Database agents need governed branches, not shared production writes.

Coding and data agents increasingly need to test migrations, generated SQL, cleanup jobs, and application code against realistic data. The dangerous pattern is letting an agent touch production state directly.

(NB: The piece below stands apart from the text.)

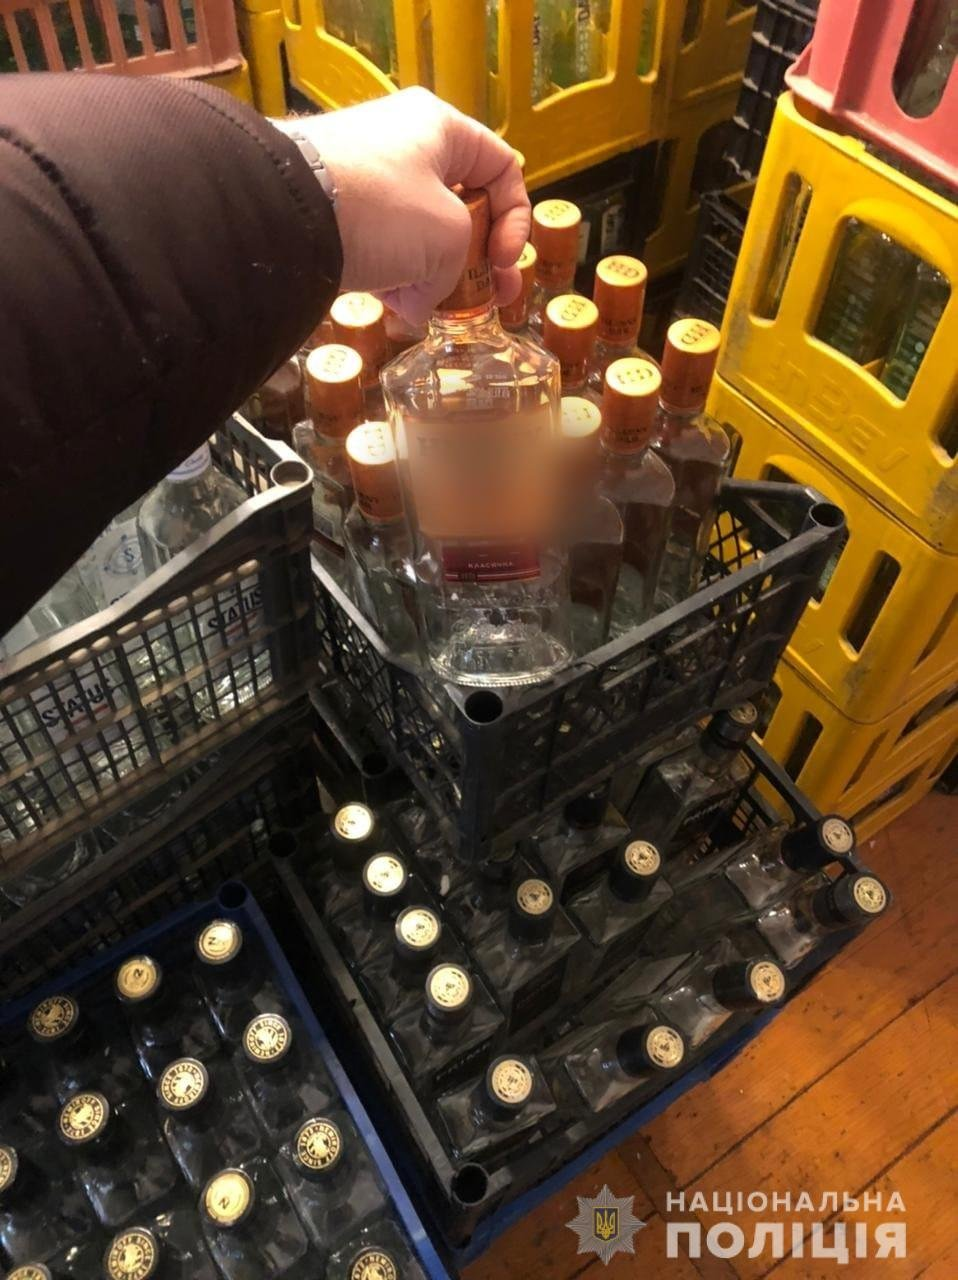 На Львівщині викрили цех із виробництвом алкогольного фальсифікату, Фото: поліція

Imladri's database sandbox gives the agent a branch, routes writes through the policy boundary, records what happened, and destroys the workspace after the run.

This does not replace purpose-built storage engines or snapshot systems. It gives Imladri a governed API layer that can sit above those engines: create branch, permit or deny actions, record proof, clean up, and show what changed.

Evidence

Download the artifact.

The public JSON contains the generated timestamp, fixture size, row coverage, benchmark samples, backend failure, and proof scores from the run.

Open JSON evidence
Caveats

What this does and does not prove.

  • This is a local Postgres copy-on-write benchmark, not a managed distributed database benchmark.
  • The source table was synthetic and about 136.77 GiB, not a multi-terabyte customer production database.
  • Full template database branching timed out, which is expected. The result supports the COW/storage-branch direction, not full-copy cloning.
  • The long part was building and verifying the billion-row fixture. The measured branch creation happened after that verification completed.